Wednesday, November 08, 2006

CD Review: Release Therapy by Ludacris

The best word to describe Atlanta rapper Ludacris is fun. No other rapper looks like he has more fun doing what he does than Luda whether he has giant-sized arms in the video for "Get Back" or dresses up as various Austin Powers characters in the video for "Number One Spot." Filled with a naughty sense of humor and clever one-liners, Ludacris has delivered consistently since his 2000 major-label debut Back For The First Time. However, Luda hasn't gotten much respect in some hip-hop circles and has been criticized as being "goofy" and a "nursery rhyme rapper."

Things started to change for Ludacris in 2005 when his acting career got off to an auspicious start with serious roles in Hustle & Flow, Law And Order: SVU, and the Academy Award-winning Crash. These roles helped people see Chris “Ludacris” Bridges as more than his hip-hop persona and gained him acclaim. Seeking more respect for his music, Ludacris takes things a little more seriously on his new album Release Therapy. While there are few differences between this album and Ludacris's previous four albums, there are enough to convince his detractors that he is talented enough to stand with his peers.

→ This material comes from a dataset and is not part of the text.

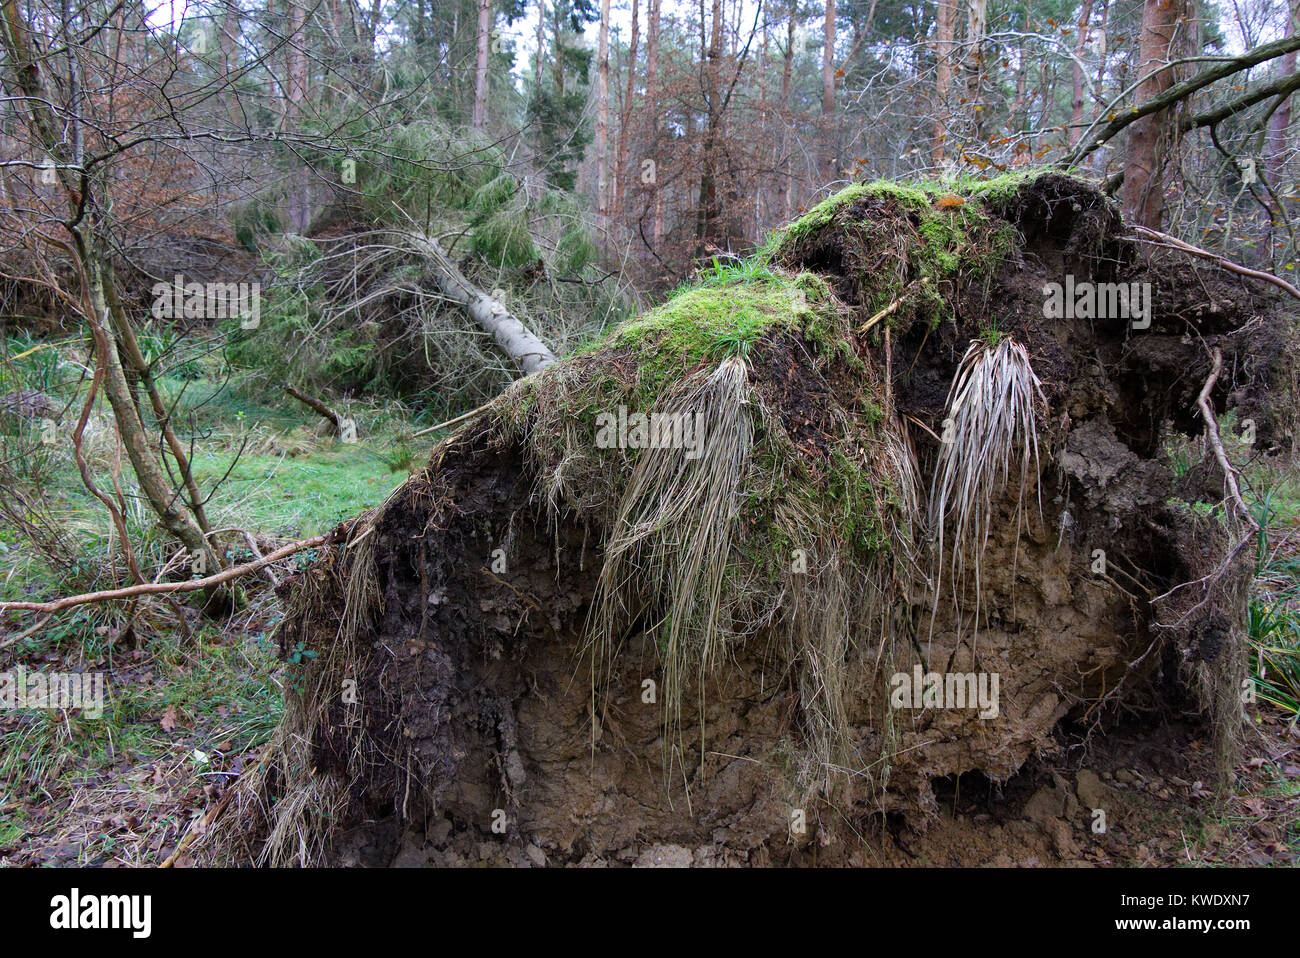 Gefallenen Baum im Wald mit großen erdscholle, die von den Wurzeln herausgerissen, Broxbourne Woods, UK, Winter Stockfoto

The most notable difference between Release Therapy and Ludacris's previous albums is the lack of skits. This album comes in at a lean 14 songs which includes an intro. This is significant because the skits on Ludacris's previous albums were quite good and usually on par with (or sometimes better than) the music. Fortunately, Luda doesn't need skits this time around.

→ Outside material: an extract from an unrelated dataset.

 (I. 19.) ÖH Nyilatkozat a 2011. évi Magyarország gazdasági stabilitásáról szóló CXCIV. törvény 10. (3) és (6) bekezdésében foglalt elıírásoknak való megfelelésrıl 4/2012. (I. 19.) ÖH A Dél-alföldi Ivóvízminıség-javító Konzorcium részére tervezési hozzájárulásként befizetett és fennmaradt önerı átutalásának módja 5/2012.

The songs closest to what we normally expect from Ludacris are found in the first half or so of the album. The Neptunes, who produced Luda's hit song "Southern Hospitality," return to work with Luda on two tracks of differing quality. The hit single "Money Maker" is actually one of the album's weaker songs. Luda's lyrics here are generic come ons that are devoid of the cleverness of previous songs. The Neptunes' beat is equally generic with the powerful orchestral opening being the best thing about it. The Neptunes and Ludacris fair a lot better on "Girls Gone Wild." Ludacris rides the dark, electronic beat like no one else and the lyrics are clever and much better than "Money Maker."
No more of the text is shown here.